# Maintenance Reference — Super Memori v4

> ⚠️ **This file is extracted from the SKILL.md `<details>` maintenance block.**
> Human maintainers only. Weak models must not use this during normal operation.

<details>
<summary>⚠️ MAINTENANCE — DO NOT EXPAND DURING NORMAL USE — HUMAN USE ONLY ⚠️</summary>

> ⚠️ SCOPING DISCLAIMER: All text inside this block is frozen maintenance context at packaging time (`v4.0.0-candidate.23`). It does not override the active operating contract, health gates, or exit-code rules above.

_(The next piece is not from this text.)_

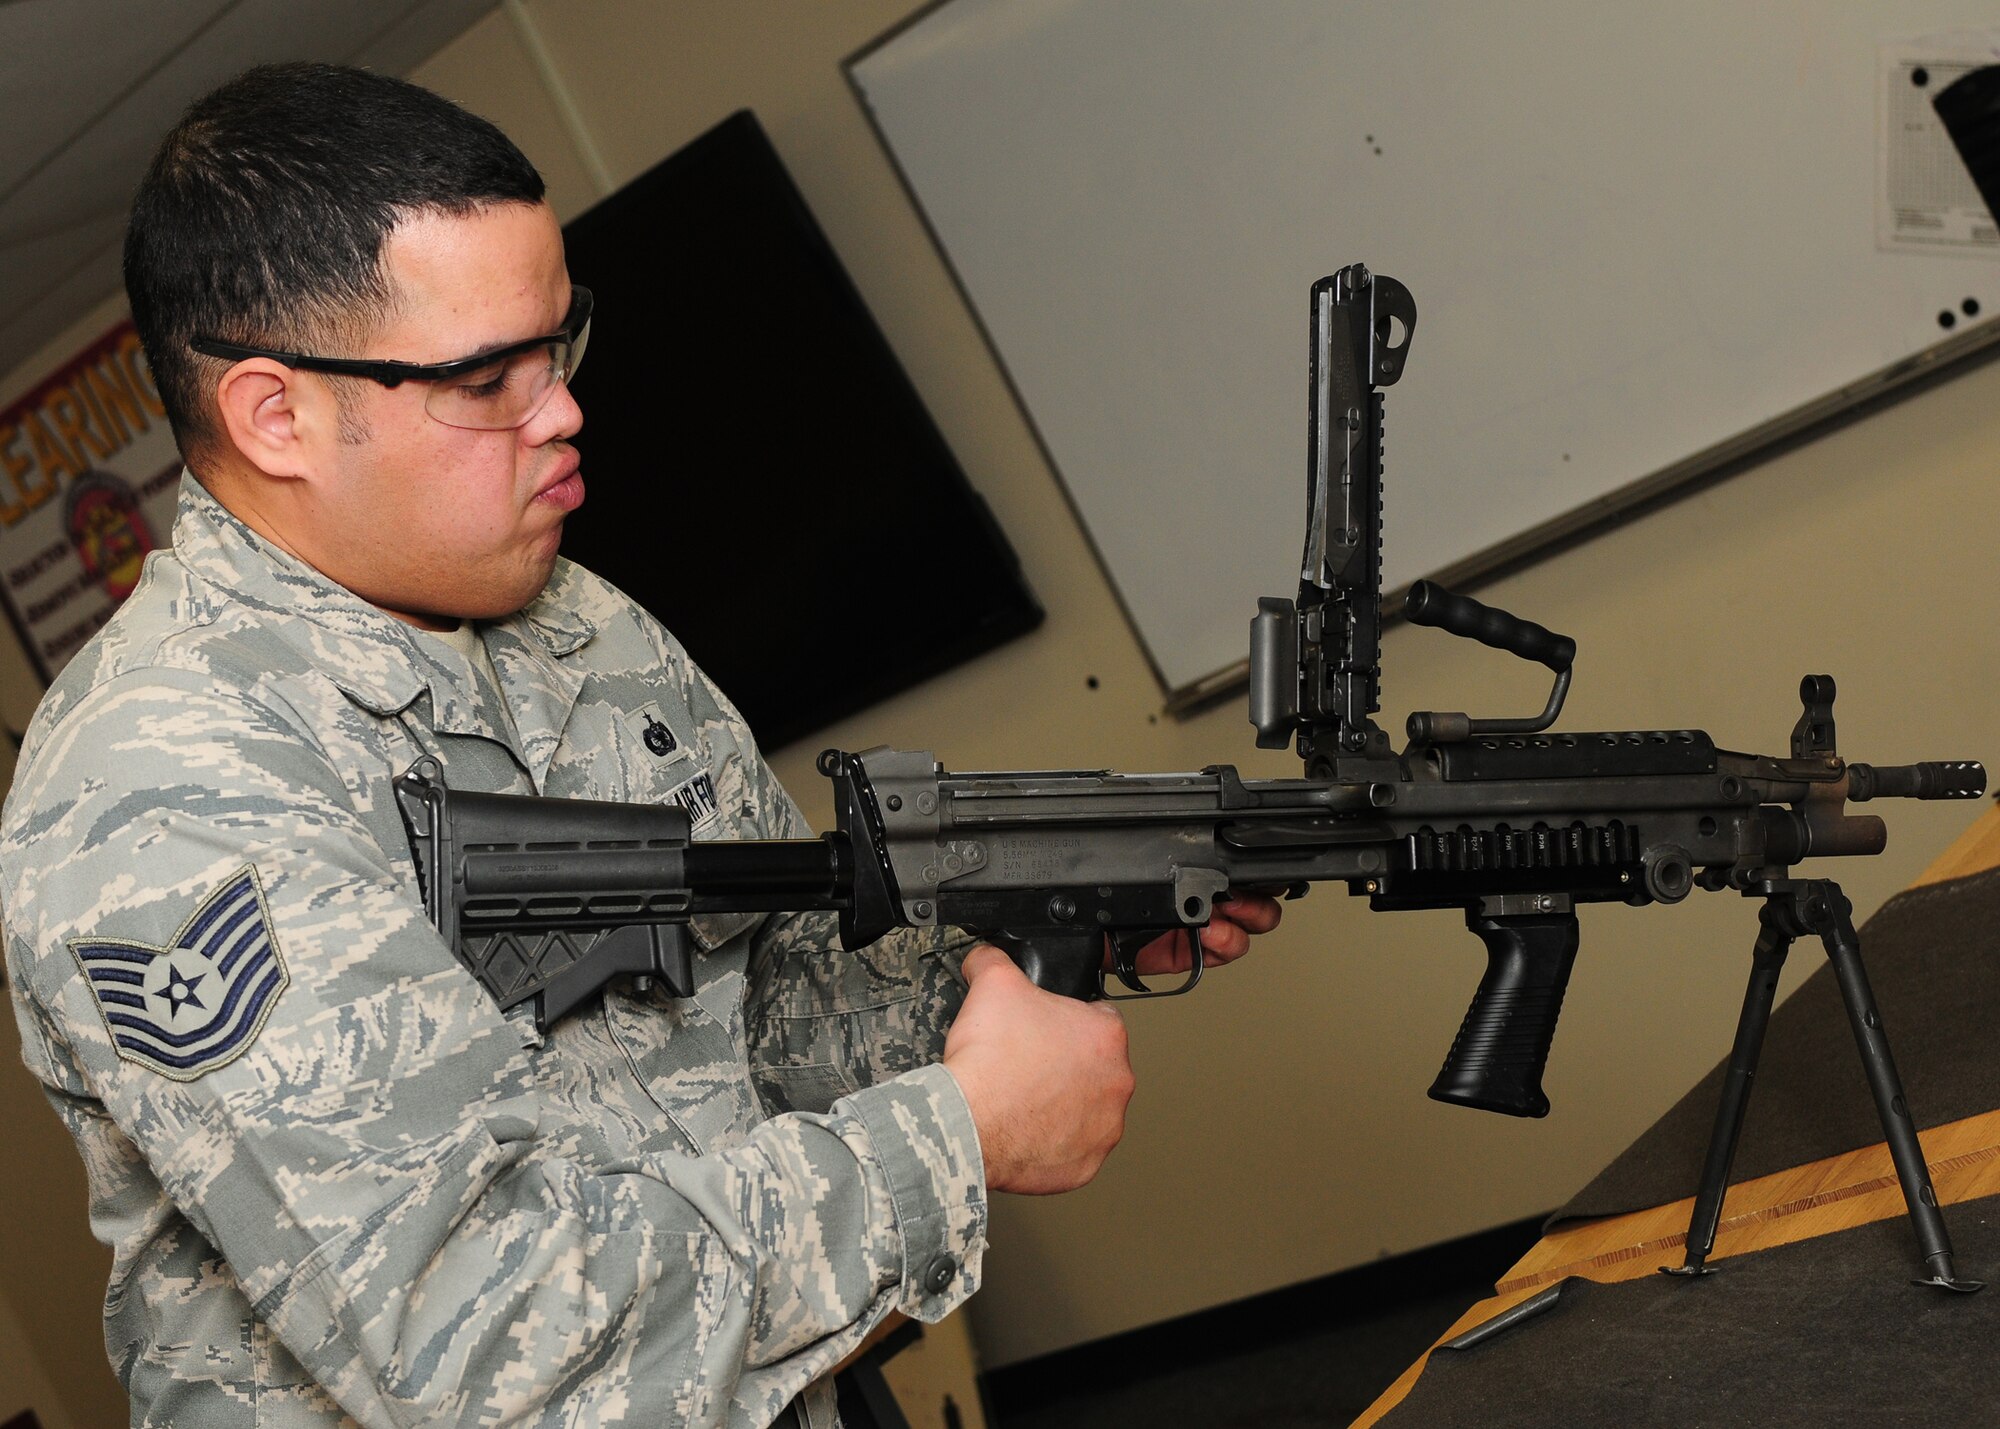 Tech. Sgt. Jesus Arias, 9th Security Forces Squadron NCO in charge of combat arms, breaks down and inspects a M-249 light machine gun at the combat arms facility on Beale Air Force Base, Calif., Jan. 10, 2013. Tech Sgt. Arias and his team train Team Beale on multiple weapons. (U.S. Air Force photo by Senior Airman Allen Pollard/Released)

Weak models must treat it as historical/reference material, not live runtime truth.

## Execution Notes

> ⚠️ This block is HUMAN / MAINTENANCE ONLY. Weak models must not expand it during normal operation.
> ⚠️ All content below is frozen maintenance reference captured at `v4.0.0-candidate.23`. Do not treat it as active operating contract.
> Active mode selection, health gates, and execution rules are fully defined in the Runtime Capability Matrix and Implemented vs Optional sections above.
> This section contains reference material, future-spec mapping, and migration notes only.

## Core Position

Build memory like an operating system component, not like a demo.

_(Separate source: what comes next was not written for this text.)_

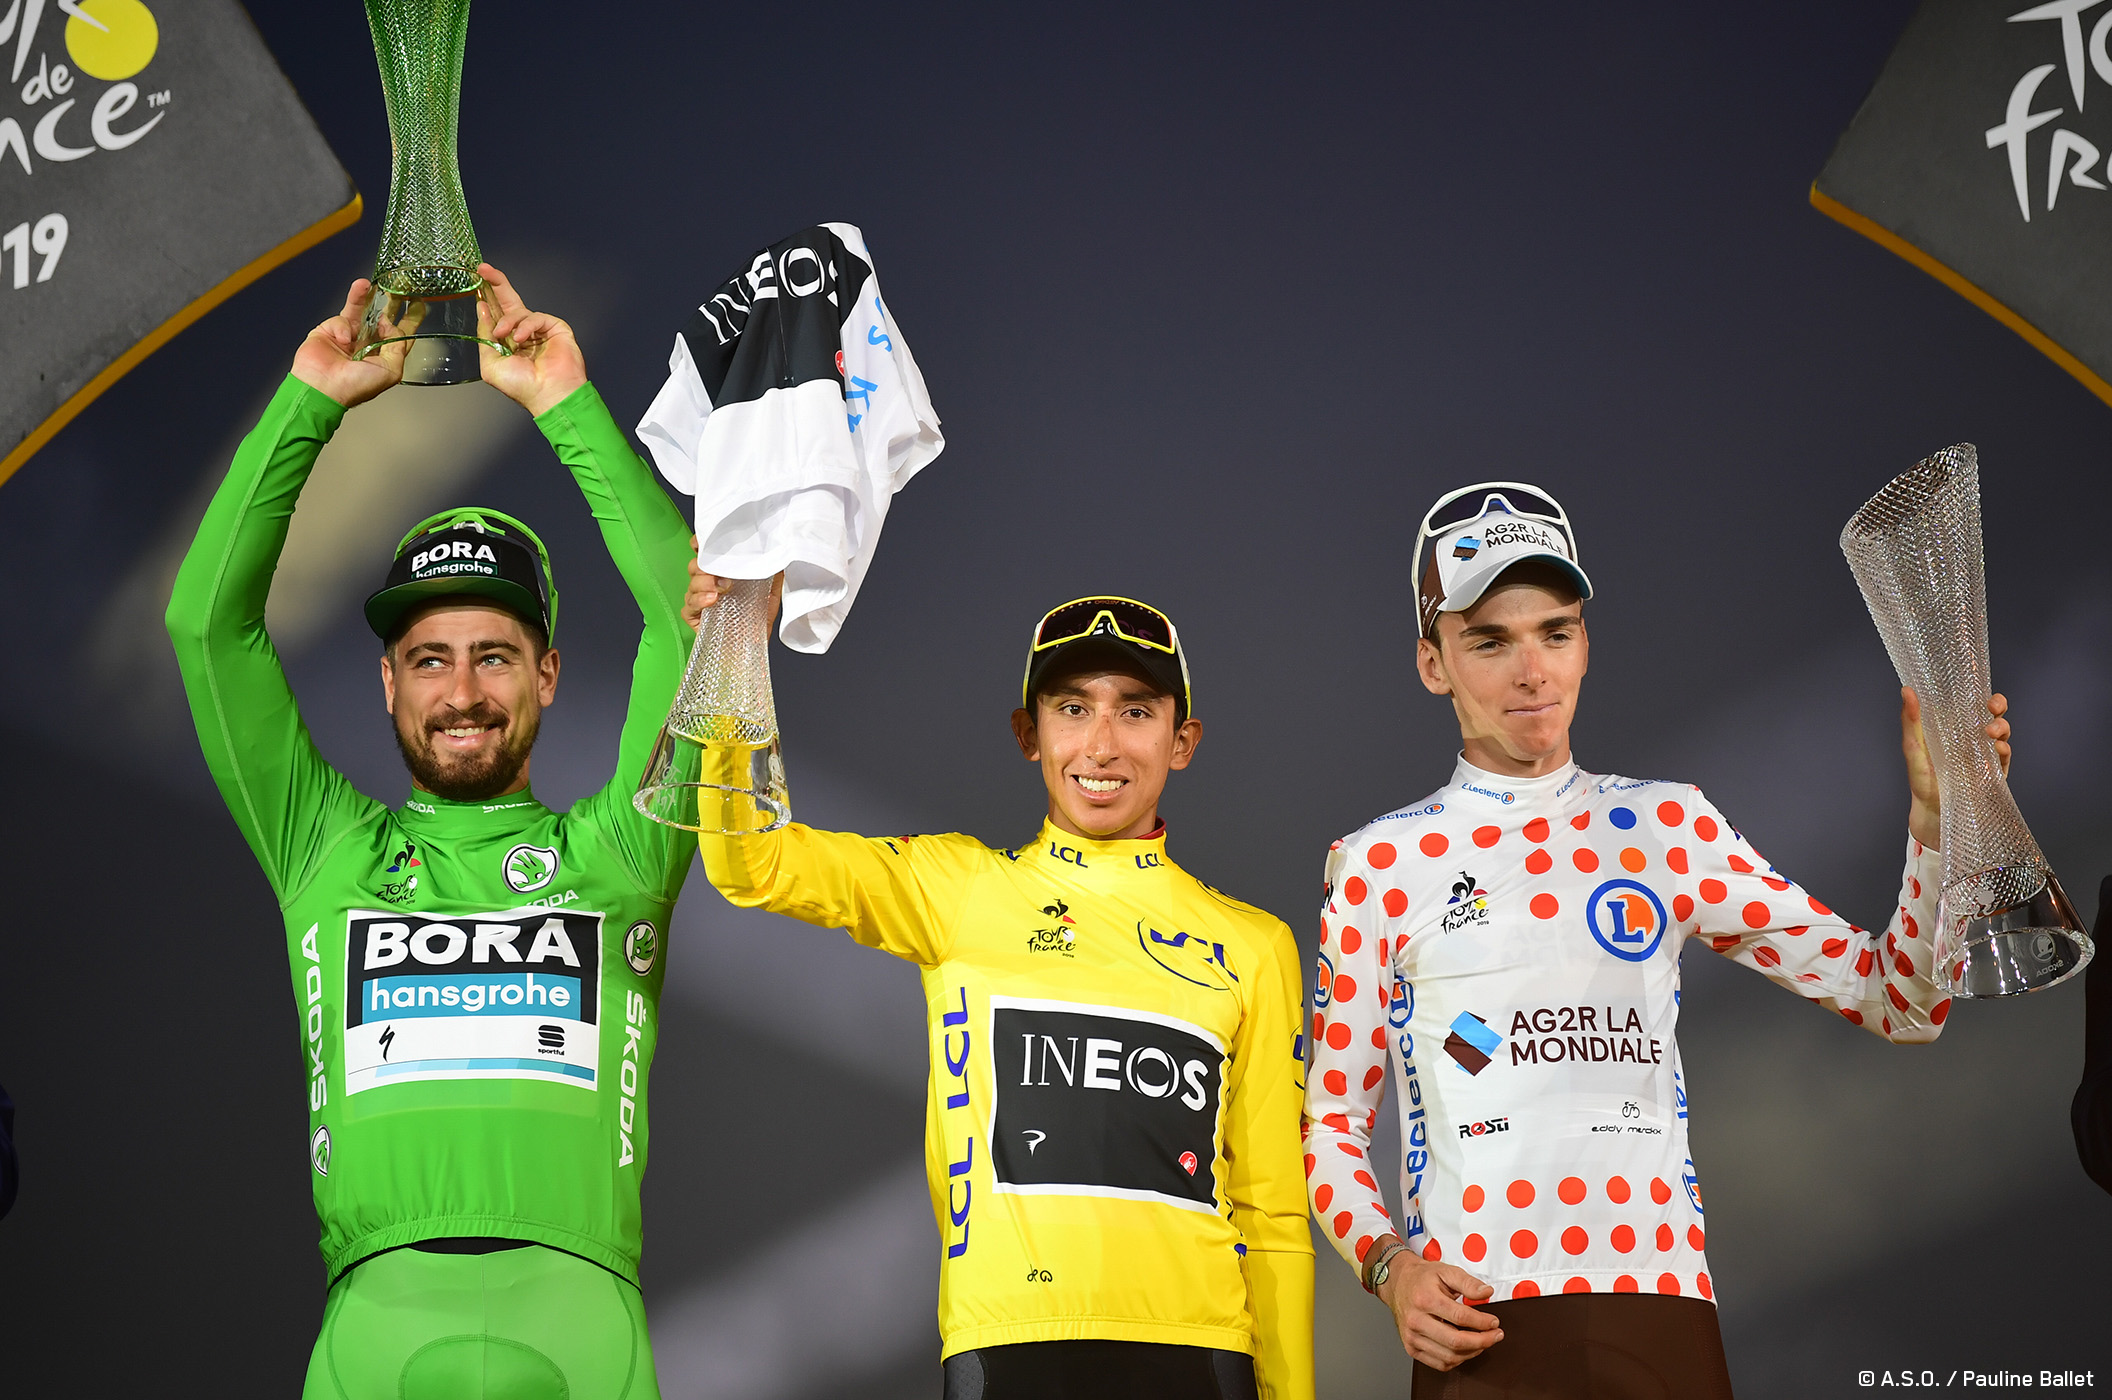 This is what the Tour de France™ winners' jerseys look like

Maintenance assumptions for this skill:
- **Files are canonical truth**
- **SQLite FTS5 handles exact / lexical retrieval**
- **Qdrant handles semantic retrieval when available**
- **A small CPU reranker is optional quality lift, not the foundation**
- **Weak models should stay on the 4-command public interface**

Everything else in this block is maintenance-only reference material for improving the skill rather than using it.

## Retrieval Contract [REFERENCE ONLY — DESCRIBES CURRENT V4 RUNTIME SHAPE, NOT A MANUAL EXECUTION PLAN]

> ⚠️ This describes the current v4 retrieval pipeline shape as implemented inside `query-memory.sh`. Do not reconstruct, simulate, or manually sequence these steps.

The current v4 retrieval path is:

```text
query
  → filters (type, time, tags, namespace)
  → lexical retrieval (SQLite FTS5)
  → semantic retrieval (Qdrant, when available / needed)
  → fusion
  → optional rerank
  → deduplicate / diversify
  → results + warnings + freshness state
```

**Health integration:** `query-memory.sh` already surfaces degraded state in its output. You do not need to run `health-check.sh` before every query. Use `health-check.sh` before major memory surgery, after suspicious behavior, or when you need to confirm whether degraded results are still trustworthy.

## Write / Learning / Change-Memory Contract (target behavior)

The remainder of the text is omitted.